Huggins always knew the recruiting attention would come, but adjusting to the time commitments and stress of being a wanted player has been just as challenging as learning pass rush techniques.
“It’s exciting but stressful at the same time,” Huggins said. “Seeing all of the work you’ve done since being a little guy pay off and come together is wonderful. At the other end of the spectrum, you have so many people counting on you, checking in on you, building relationships. When you get to the end of it, deciding where you want to go—everybody will have their opinion, and you’ve got to just make the best decision for yourself.”
The new-age of recruiting is a process millennial athletes are quite privy to—it’s now a digital game.
“Normally what happens is a coach will contact you first on Twitter,” Huggins said. “They’ll talk with you on that, whether it be for a couple of days or a couple of weeks. Then you start communicating with other coaches on the staff, they might send you a letter. They’ll set up phone interviews with you and then it’s all about getting you up to a camp or meeting you in person.”
Huggins admits he hasn’t been a big camper. He’s been to two this year and only four in his career.

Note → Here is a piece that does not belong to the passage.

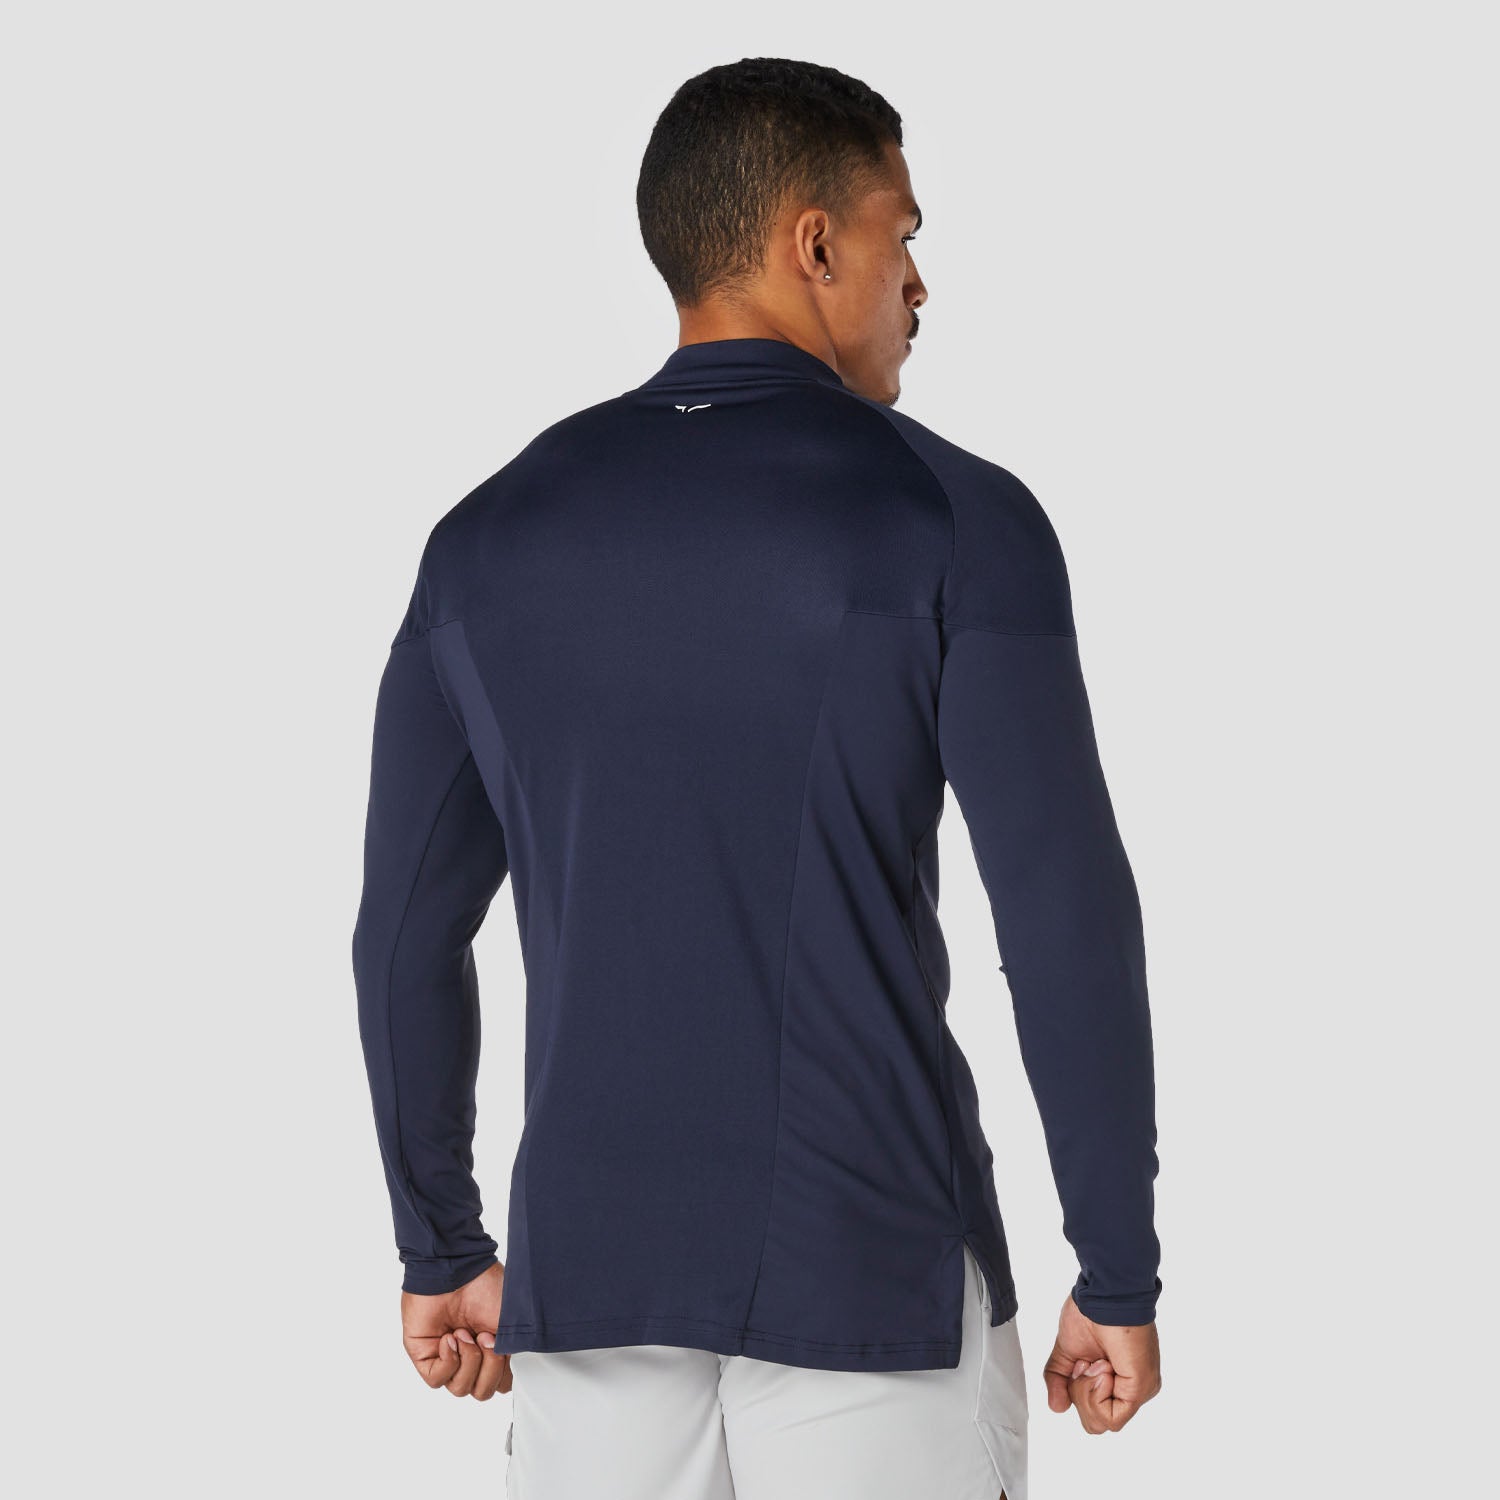 squatwolf-running-tops-for-men-core-running-top-navy-long-sleeves-gym-wear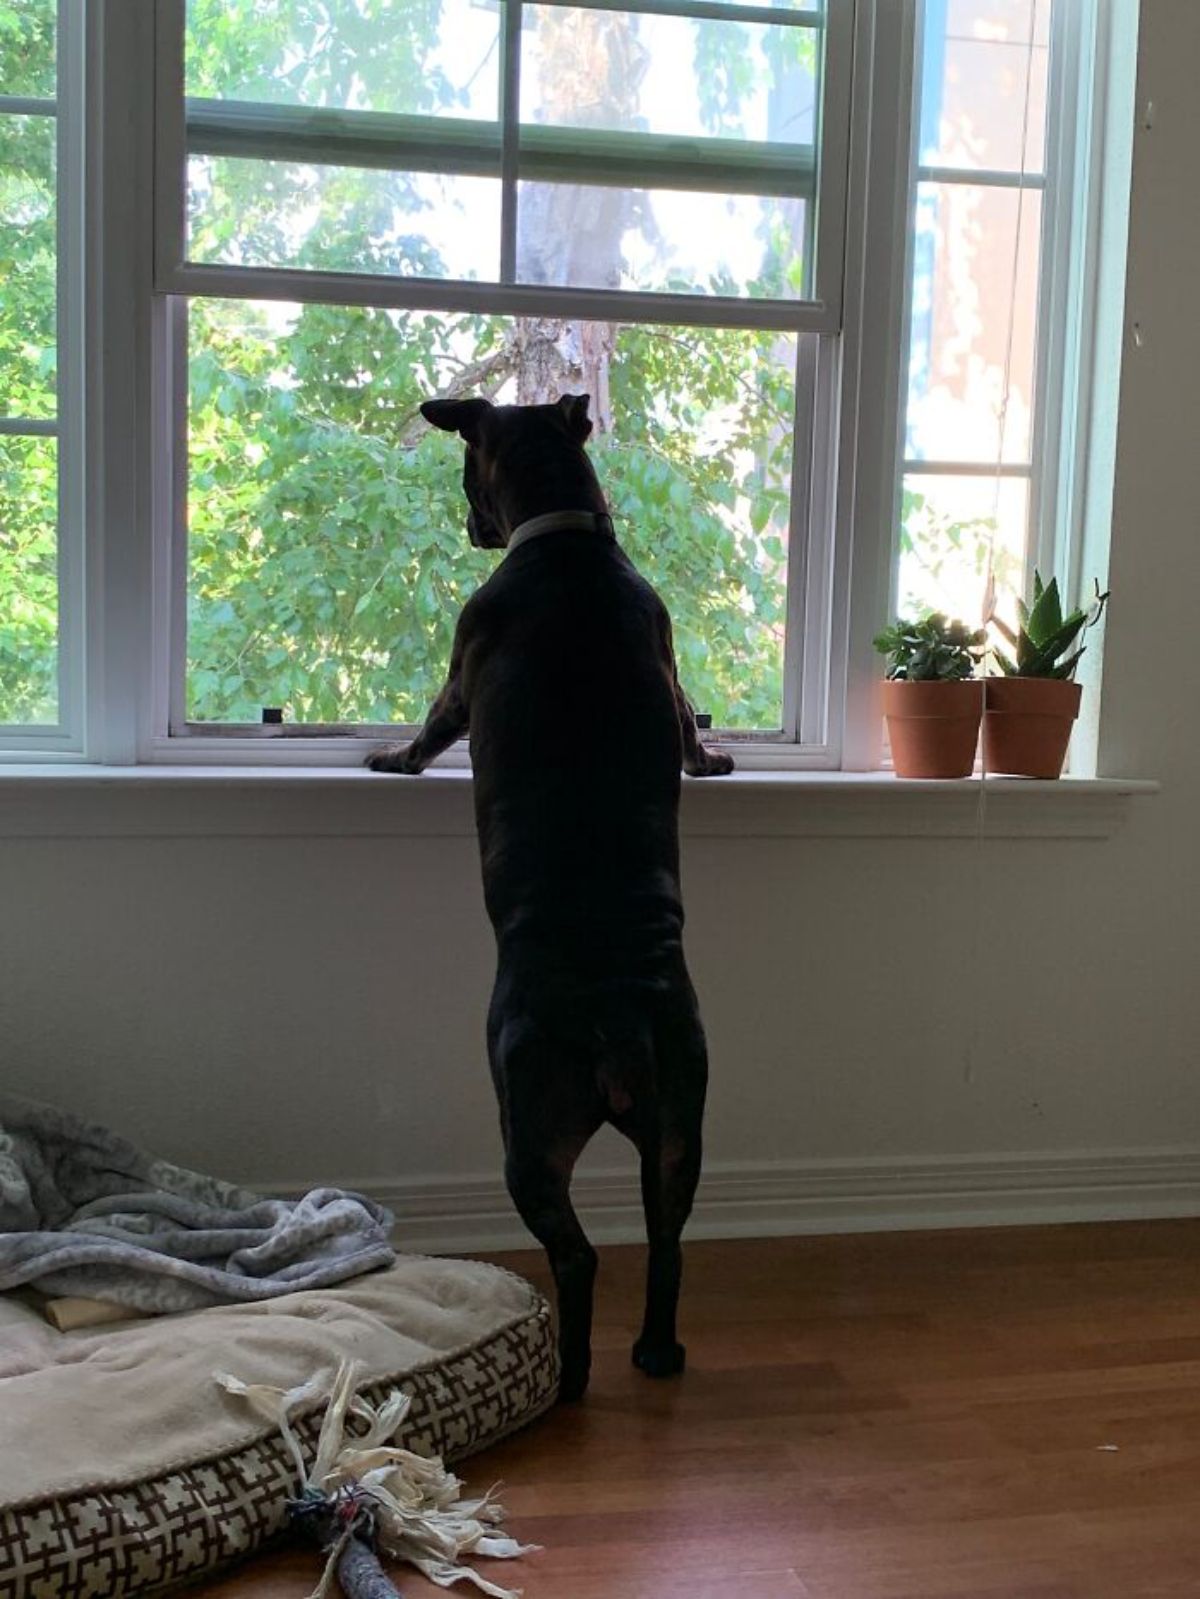 black dog standing on hind legs with front paws on a ledge looking out of a window

Huggins doesn’t seem to fit one mold; his offers come from all walks of collegiate football. He has Ivy League offers from Brown and Columbia, service academy invitations from Air Force, Army and Navy. He’s wanted as far east as Bryant University (Rhode Island), south as Florida Atlantic, west as Air Force in Colorado Springs and as far north as Holy Cross in Massachusetts.
Do some Twitter digging, and official accounts of schools that have not yet offered show up on Huggins’ “followers” page: Harvard, Washington State, UAB, Kennesaw State, South Carolina, and Louisville.
He won’t narrow the list, but he’ll offer hints: he wants to be where there’s either an airport nearby or within driving distance of home so he can see his little brother as much as possible; he wants to be able to spend free days on the lake or in a tree in the woods; he also wants to receive a strong academic experience and prioritizes relationships more than anything else.
“Relationships are the most important,” Huggins said. “I know coaches can leave schools and stuff like that, so more than just looking at the schools it’s about the quality of the relationships I’m making and what feels right when the time comes.”
So far North Carolina State seems to be the frontrunner—it’s one of two offers from a Power 5 conference, and he’s on his way to Raleigh for a second visit Friday morning.
Huggins has met with the Wolfpack, Kansas State, Cincinnati, Middle Tennessee State, Western Kentucky and Tulane. Out of the two, NC State and Kansas State have been the only campus visits.
But Huggins knows more offers are coming.
“My original plan was actually, because I’m graduating early, to pick a place in June. Obviously with so many offers coming in, it has made things a little confusing. There’s so much to handle just researching what’s on the table, plus there could be more coming,” Huggins said.
Have at it, if you will, researching the proximity to airports, lakes and mileage from Forsyth County to make a hot list.
“I don’t know which school is going to be best, but I know what I’m looking for,” Huggins said.